The backstory of this novel is something out of a young bookworm's dream.  Thirteen-year-old Ross Workman sent a fan email to his favorite author, Walter Dean Myers, and then Myers wrote back suggesting they collaborate on a book.  Kick is the result of that collaboration and it's worth reading if only for the knowledge of how it came to be.

The basic story centers on teenage Kevin Johnson who tried to do something to help a friend and wound up in deep trouble.  The son of a cop killed in the line of duty, Kevin is one of the star players on his high school soccer team, but any chance at glory is jeopardized one night when he's found at the wheel of a crashed car, a crying female classmate in the passenger seat, and no story that he's willing to share that can explain any of it.  The car belongs to the girl's father and while he decides whether or not to press charges, Sergeant Jerry Brown takes an interest in the case based on the fact that Kevin has no record and his dad used to be on the force.  As the real story unfolds, Kevin and Sergeant Brown learn to trust each other and just maybe this means Kevin can salvage his bright future while not betraying the trust of his friend.

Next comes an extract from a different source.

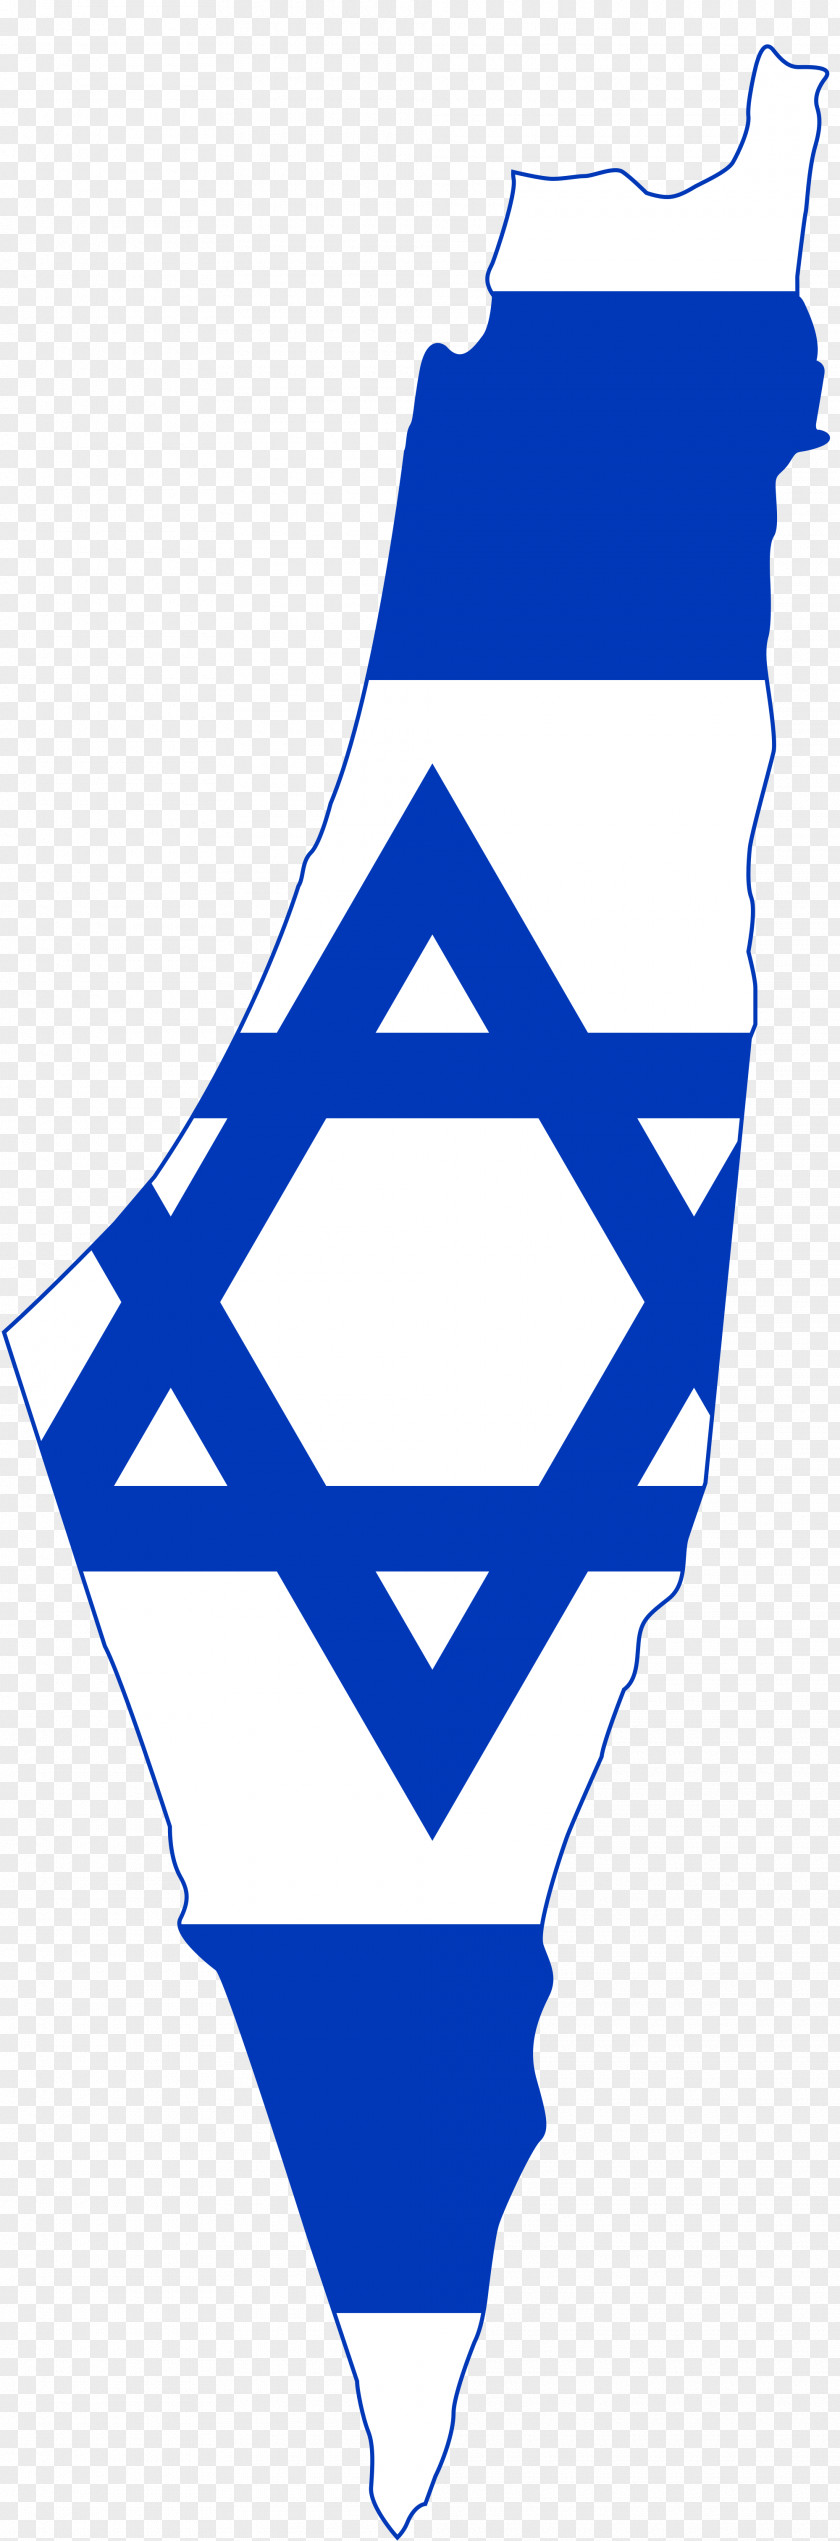 Taiwan Flag Of Israel State Palestine Map Clip Art PNG

Clearly geared towards boys who might not otherwise read unless there's sports or a whiff of trouble, Kick is told from two perspectives passed back and forth -- Kevin's (written by Workman) and Seargeant Brown's (written by Myers).  Knowing the background of the novel, it's really quite an interesting experience to see the back-and-forth perspectives, knowing how the two authors collaborated.  With years of writing for teens, it was a pretty wonderful move on the part of Myers to reach out to a teen for a fresh voice to spark the young man's career, or at least give him material for a pretty fabulous college application essay.  Kick is a good choice from the 12+ boy who might require some sports in his books to make them appealing.  The ending is tidy, but it's better to give hope to kids who make a mistake.  Another fabulous book from Walter Dean Myers.

Note: I can't claim total subjectivity on this one, so take what you will from this review.